Recently in Seattle, the prestigious American Association for the Advancement of Science (AAAS) did its annual braying about science as the ultimate expression of humanity. Newspapers, periodicals, radio and TV filled with nearly verbatim releases answering scepticism with "If you don't believe it, ask me!"
In reporting this annual extravaganza, the very conservative newspaper the Economist (22 Feb, p. 18) noted, ". . . for the layman, who will always need an interpreter to keep abreast of new discoveries, some familiarity with the scientific method is at least a way to keep the interpreters honest. A person equipped should be better able to make sense of the claims made by those who invoke science in debates over the environment, abortion, public health and the like. He may even make sense of the week's effluxion of gee-whizzery from Seattle." I suspect that this is the Economist's subtle way of advising readers that the outputs of AAAS need to be carefully shoveled when picked up.
Ever mindful that "science" is routinely invoked to convince the unwary that smoking tobacco is harmless and such, I think all the AAAS frippery borders on the unethical, a concept perhaps unscientific although palpable. Essentially, most of what outrages me about scientific institutional behavior boils down to ethical questions.

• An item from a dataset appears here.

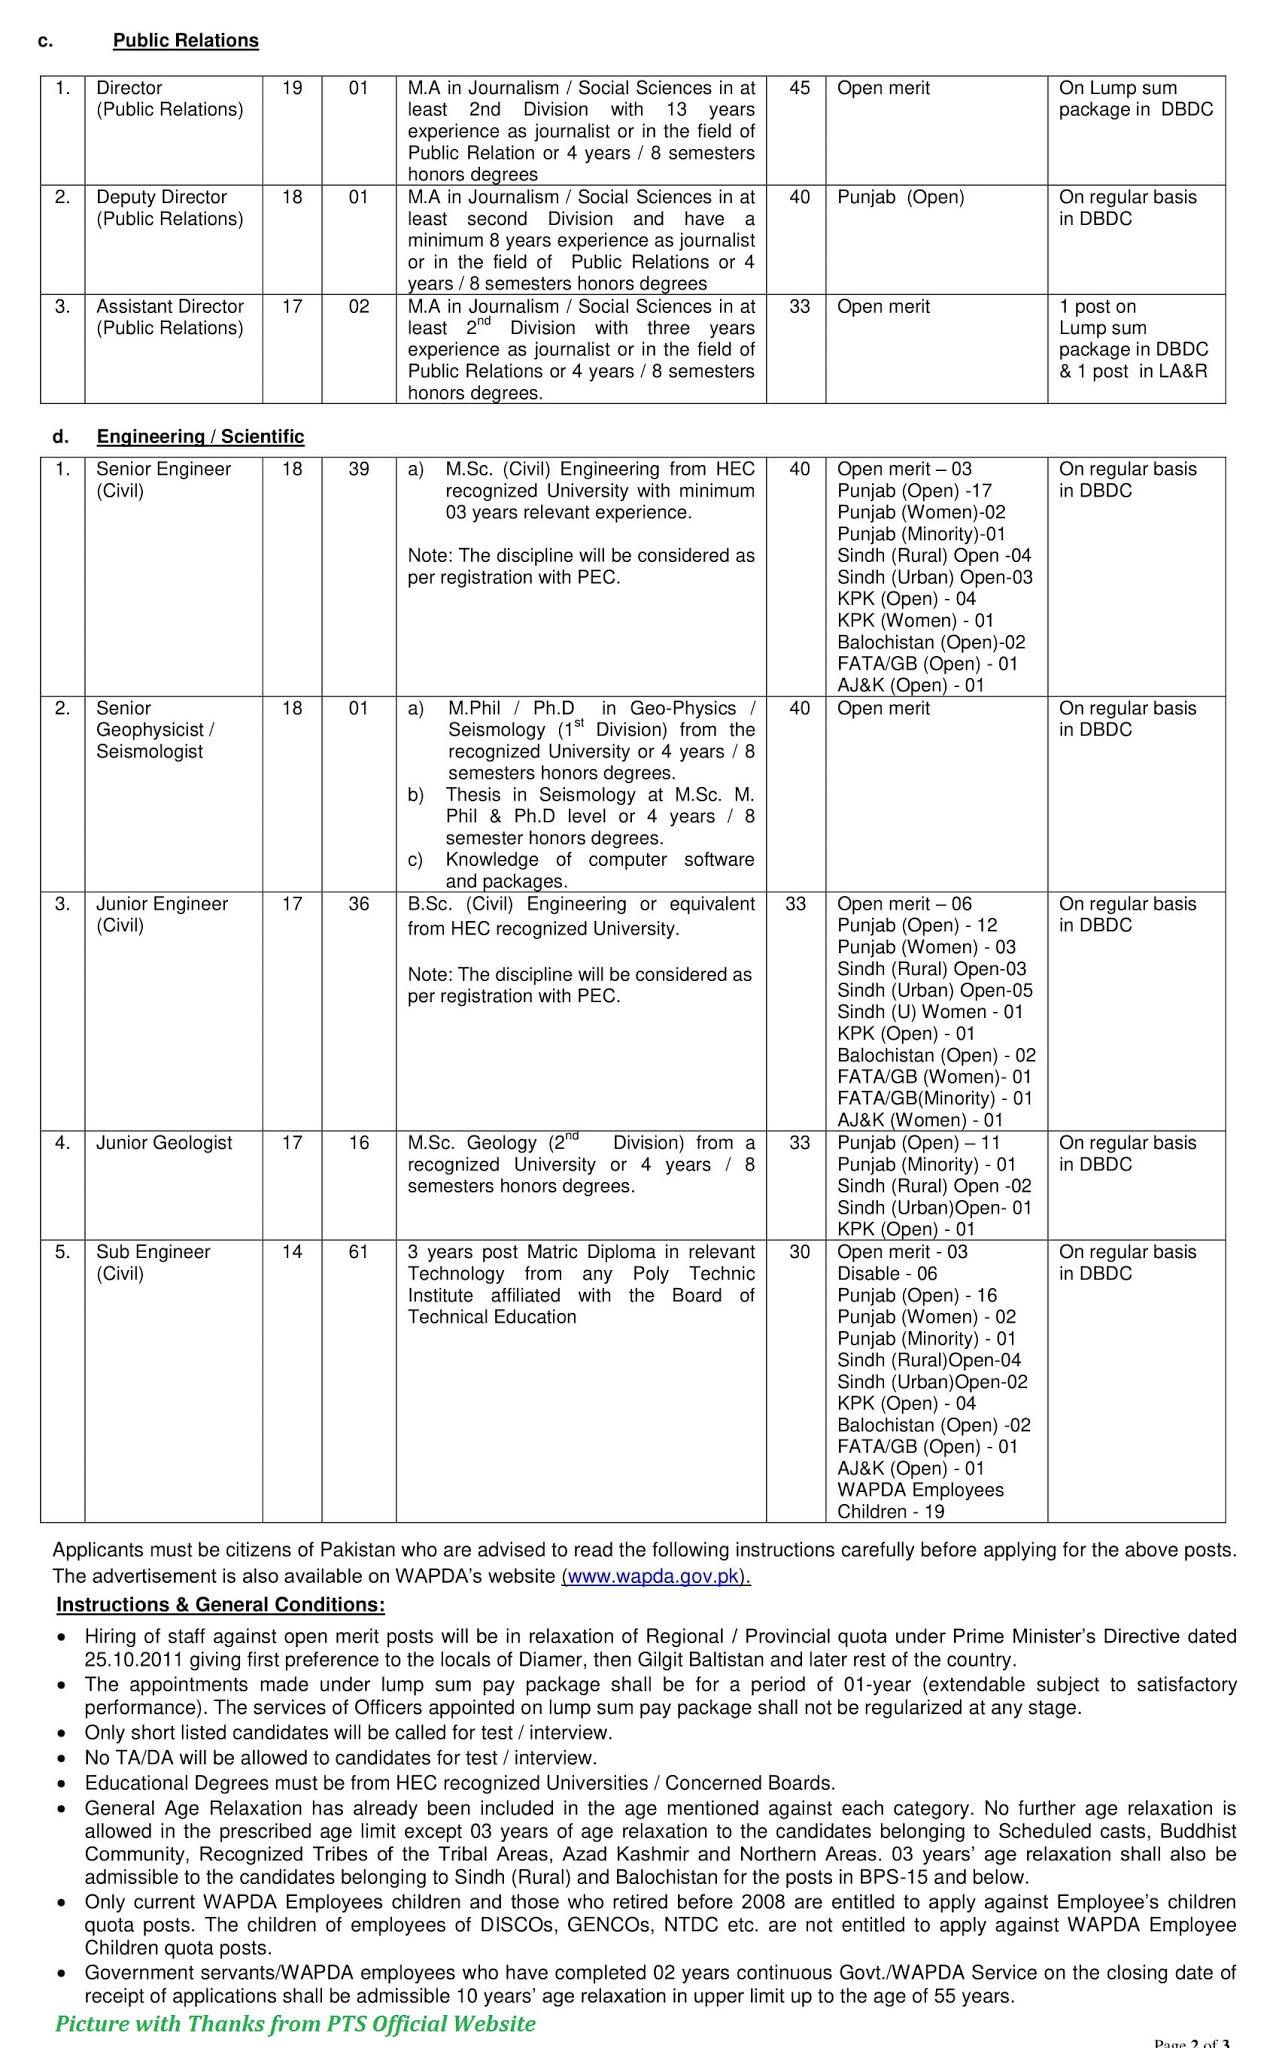 Wapda Jobs 2020 - Latest Jobs in Wapda Diamer Basha Dam & Mega Hydel Project 2020

Writing in the Harvard Business Review (July-August 1986) Saul Gellerman, a business school dean and prolific author on management, asks, ". . . how usually honest, intelligent, compassionate human beings could act in ways that are callous, dishonest and wrongheaded." He goes on to outline ". . . four rationalizations that people have relied on through the ages to justify questionable conduct:
** A belief that the activity is within reasonable ethical and legal limits--that is, that it is not 'really' illegal or immoral;
** A belief that the activity is in the individual's or the corporation's best interests--that the individual would somehow be expected to undertake the activity;
** A belief that the activity is 'safe' because it will not be found out or publicized; the classic crime and punishment issue of discovery or
** A belief that because the activity helps the company the company will condone it and even protect the person who engages in it.
Gellerman notes that Amatai Etzioni, a distinguished sociologist, "... recently concluded that in the last ten years [1976-1985], roughly two-thirds of America's 500 largest corporations have been involved, in varying degrees, in some form of illegal behavior." Gellerman goes looking for "... the roots of the kind of misconduct that not only ruins some people's lives, destroys institutions and gives business as a whole a bad name but that also inflicts real and lasting harm on a large number of innocent people."
By way of guidelines, Gellerman suggests that "... managers are not paid to take risks; they are paid to know which risks are worth taking. Also, maximizing profits is a company's second priority. The first is ensuring its survival." "The smartest managers already know that the best answer to the question, 'How far is too far?' is don't try to find out." "...The real interests of the company are served by honest conduct in the first place." "Since the main deterrent to illegal or unethical behavior is the perceived probability of detection, managers should make an example of people who are detected." Finally, "Top management has a responsibility to exert a moral force within the company."
** Irony, 1) a method of humorous or subtly sarcastic expression in which the intended meaning of the words used is the direct opposite of their usual sense (the irony of calling a stupid plan "clever").
** Specious, 1) seeming to be good, sound, correct, logical, etc. without really being so; plausible but not genuine (specious logic).
Bronislaw Malinowski is usually credited with shaping modern anthropology into its "functional" modes, by which is meant knowing the natives by living among them to learn about and to observe characteristic behaviors. In his culminating work on the Trobriand Islanders, Soil-Tilling and Agricultural Rites in the Trobriand Islands, Indiana University Press, 1965, Malinowski observed, "Behavior in a society in which one is not a member, however different or exotic it may seem, forms part of a complex, learned system by which that society is maintained. We gain a degree of understanding when we see how the intertwined elements of that social system function to satisfy needs within it."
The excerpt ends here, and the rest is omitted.